Id. (citations, brackets, quotation marks, and ellipsis omitted). "It is well-settled that an appellate court will not pass upon issues dependent upon the credibility of witnesses and the weight of the evidence; this is the province of the trier of fact." Id. (citations, brackets, and internal quotation marks omitted). Unchallenged findings of fact are binding on appeal. In re Doe, 99 Hawai#i 522, 538, 57 P.3d 447, 463 (2002).

Mother

In support of her argument that the DHS failed to provide reasonable efforts to reunify her with the Children, Mother contends that: (1) at the March 20 and August 5, 2019 review hearings, she requested that the DHS continue to offer her services, but at trial, the DHS Social Worker could not explain why the last contact with Mother listed in the Final Safety Report was made in April 2019; and (2) Mother's psychological evaluation recommended a "dual-diagnosis service" addressing her substance abuse and mental health at the same time, but the DHS Social Worker "admitted" at trial that she did not know whether the treatment services she referred to Mother were dual-diagnosis providers, and she further testified that she relied on Mother to "find her own treatment provider."
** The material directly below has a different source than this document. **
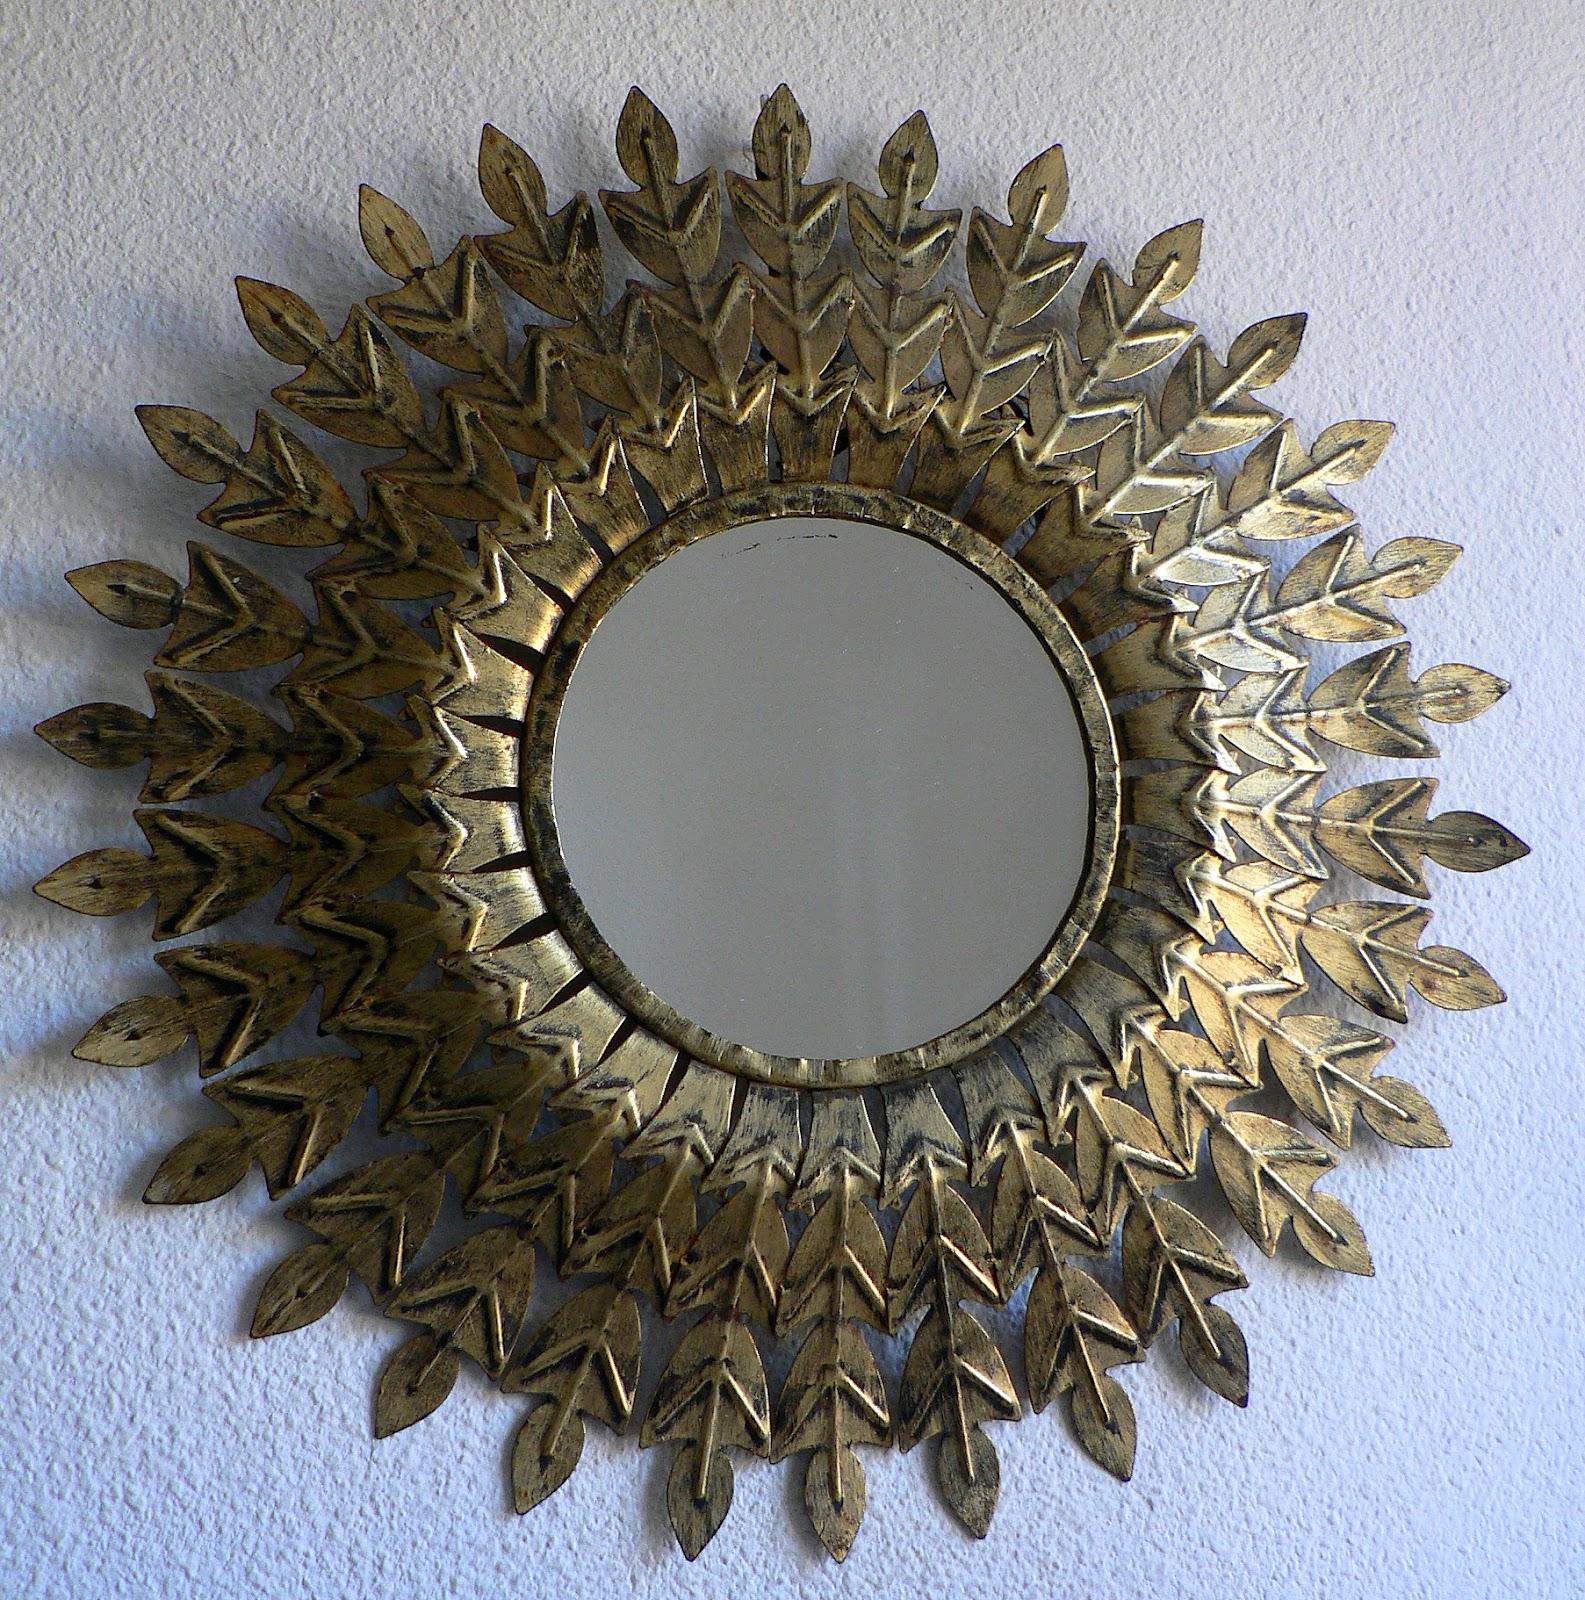 Vintage kitsch siglo xx espejo sol dorado metalico a os 60 - Espejo sol dorado ...

Mother's first argument misstates the record. The DHS Social Worker's last attempt to contact Mother noted in the April 21, 2020 Final Safe Home Report, was made on November 8, 2019, not in April 2019. The report indicated that the Social Worker made thirteen attempts to either contact Mother or make service referrals for her after the March 20, 2019 hearing, and four more attempts after the August 5, 2019 hearing. Thus, the record does not indicate that the DHS failed to make service referrals for Mother after she made requests for continued services, and Mother's contention is without merit.

Mother's second argument is also without merit, because it rests on a factual premise that does not exist in the record. Mother's psychological evaluation never used the term "dualdiagnosis," nor did the evaluation indicate that Mother was "diagnosed" with any form of mental illness. Thus, Mother was not recommended to complete treatment for "dual-diagnosis," but rather recommended to receive treatment that addresses both substance abuse and trauma. In her trial testimony, the DHS Social Worker explained that she did not agree the psychological evaluation necessarily recommended a "dual-diagnosis" treatment, but rather, that Mother "could go into a treatment facility and get therapy." The DHS Social Worker recommended Mother for both drug treatment and therapy.

Accordingly, the Family Court did not clearly err in finding that Mother was not presently willing and able to provide a safe family home even with the assistance of a service plan, nor would she be in the reasonably foreseeable future. In re Doe, 95 Hawai'i at 190, 20 P.3d at 623.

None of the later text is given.